Every line below containing the word "Stock" should be found and copied.

Records from a collection:
────────────────

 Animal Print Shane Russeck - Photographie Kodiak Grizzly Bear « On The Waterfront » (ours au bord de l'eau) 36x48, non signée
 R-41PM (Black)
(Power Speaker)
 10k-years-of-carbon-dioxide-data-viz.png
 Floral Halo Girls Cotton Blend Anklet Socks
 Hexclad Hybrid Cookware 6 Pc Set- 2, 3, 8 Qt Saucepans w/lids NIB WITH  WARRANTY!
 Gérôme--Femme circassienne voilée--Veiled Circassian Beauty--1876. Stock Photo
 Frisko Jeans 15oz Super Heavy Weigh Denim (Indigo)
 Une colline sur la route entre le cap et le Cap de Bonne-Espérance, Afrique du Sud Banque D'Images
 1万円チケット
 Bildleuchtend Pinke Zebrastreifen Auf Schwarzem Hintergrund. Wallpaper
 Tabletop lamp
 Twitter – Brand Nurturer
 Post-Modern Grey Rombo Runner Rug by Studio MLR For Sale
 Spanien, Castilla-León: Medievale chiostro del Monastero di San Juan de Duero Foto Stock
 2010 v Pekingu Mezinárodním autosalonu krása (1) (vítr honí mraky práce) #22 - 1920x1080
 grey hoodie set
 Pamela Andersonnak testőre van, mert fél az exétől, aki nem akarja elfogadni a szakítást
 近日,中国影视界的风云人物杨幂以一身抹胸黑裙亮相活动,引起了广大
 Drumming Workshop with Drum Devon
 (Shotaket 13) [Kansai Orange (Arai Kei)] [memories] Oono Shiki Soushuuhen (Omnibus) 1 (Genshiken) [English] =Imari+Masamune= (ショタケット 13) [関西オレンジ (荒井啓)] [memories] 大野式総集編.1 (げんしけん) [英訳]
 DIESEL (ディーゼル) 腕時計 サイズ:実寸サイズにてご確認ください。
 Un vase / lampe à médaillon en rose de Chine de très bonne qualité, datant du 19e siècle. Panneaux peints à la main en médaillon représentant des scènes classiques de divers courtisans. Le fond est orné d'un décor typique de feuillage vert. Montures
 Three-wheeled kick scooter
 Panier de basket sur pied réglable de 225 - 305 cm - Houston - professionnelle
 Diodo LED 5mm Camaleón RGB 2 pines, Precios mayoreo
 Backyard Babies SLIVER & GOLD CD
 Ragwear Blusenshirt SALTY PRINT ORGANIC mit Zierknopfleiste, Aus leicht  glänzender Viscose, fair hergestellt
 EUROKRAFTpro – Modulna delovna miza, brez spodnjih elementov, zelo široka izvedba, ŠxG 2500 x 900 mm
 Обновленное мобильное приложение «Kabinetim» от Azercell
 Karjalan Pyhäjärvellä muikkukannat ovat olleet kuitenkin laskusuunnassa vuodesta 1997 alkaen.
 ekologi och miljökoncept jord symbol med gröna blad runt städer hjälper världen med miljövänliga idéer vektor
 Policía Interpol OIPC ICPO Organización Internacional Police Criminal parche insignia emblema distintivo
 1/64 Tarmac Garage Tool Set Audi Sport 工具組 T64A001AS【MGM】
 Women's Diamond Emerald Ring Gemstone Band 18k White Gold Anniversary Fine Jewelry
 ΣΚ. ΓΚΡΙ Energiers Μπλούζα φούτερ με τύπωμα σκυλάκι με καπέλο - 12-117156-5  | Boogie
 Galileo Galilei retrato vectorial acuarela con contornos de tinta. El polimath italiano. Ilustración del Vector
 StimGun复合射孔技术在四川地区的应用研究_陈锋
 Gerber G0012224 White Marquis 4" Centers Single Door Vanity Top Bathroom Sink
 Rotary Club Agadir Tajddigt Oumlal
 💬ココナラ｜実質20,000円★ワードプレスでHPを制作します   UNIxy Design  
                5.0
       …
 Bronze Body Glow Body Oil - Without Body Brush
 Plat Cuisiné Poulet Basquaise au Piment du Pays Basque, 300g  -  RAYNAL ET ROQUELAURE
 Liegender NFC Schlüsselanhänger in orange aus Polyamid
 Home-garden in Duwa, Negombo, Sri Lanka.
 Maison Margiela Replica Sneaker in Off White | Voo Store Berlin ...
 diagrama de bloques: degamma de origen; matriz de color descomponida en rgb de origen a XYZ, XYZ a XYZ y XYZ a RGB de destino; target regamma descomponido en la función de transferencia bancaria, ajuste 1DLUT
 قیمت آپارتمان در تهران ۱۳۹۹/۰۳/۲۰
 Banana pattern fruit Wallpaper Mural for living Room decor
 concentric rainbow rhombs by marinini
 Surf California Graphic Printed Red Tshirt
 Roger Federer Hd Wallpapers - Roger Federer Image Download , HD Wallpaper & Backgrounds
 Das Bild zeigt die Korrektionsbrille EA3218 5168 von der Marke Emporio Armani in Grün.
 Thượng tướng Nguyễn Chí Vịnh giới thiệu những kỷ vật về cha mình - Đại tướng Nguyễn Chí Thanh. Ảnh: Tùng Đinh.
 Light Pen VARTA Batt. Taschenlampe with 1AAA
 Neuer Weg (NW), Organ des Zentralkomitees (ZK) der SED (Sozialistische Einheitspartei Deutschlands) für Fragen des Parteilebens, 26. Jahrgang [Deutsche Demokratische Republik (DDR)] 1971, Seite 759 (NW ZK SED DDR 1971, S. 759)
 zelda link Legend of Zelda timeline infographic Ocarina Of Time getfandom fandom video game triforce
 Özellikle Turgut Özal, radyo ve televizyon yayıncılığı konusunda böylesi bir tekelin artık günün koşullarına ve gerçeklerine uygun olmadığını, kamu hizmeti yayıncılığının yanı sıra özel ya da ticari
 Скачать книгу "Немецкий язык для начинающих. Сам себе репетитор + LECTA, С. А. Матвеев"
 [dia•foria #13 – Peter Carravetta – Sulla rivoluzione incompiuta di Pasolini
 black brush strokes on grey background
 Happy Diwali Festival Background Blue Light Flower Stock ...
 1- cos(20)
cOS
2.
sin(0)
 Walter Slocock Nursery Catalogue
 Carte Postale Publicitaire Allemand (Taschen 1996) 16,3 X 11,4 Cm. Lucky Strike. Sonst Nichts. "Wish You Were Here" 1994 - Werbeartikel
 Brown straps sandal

────────────────

**ANSWER TO THIS PROBLEM**.
 Gérôme--Femme circassienne voilée--Veiled Circassian Beauty--1876. Stock Photo
 Spanien, Castilla-León: Medievale chiostro del Monastero di San Juan de Duero Foto Stock
 Happy Diwali Festival Background Blue Light Flower Stock ...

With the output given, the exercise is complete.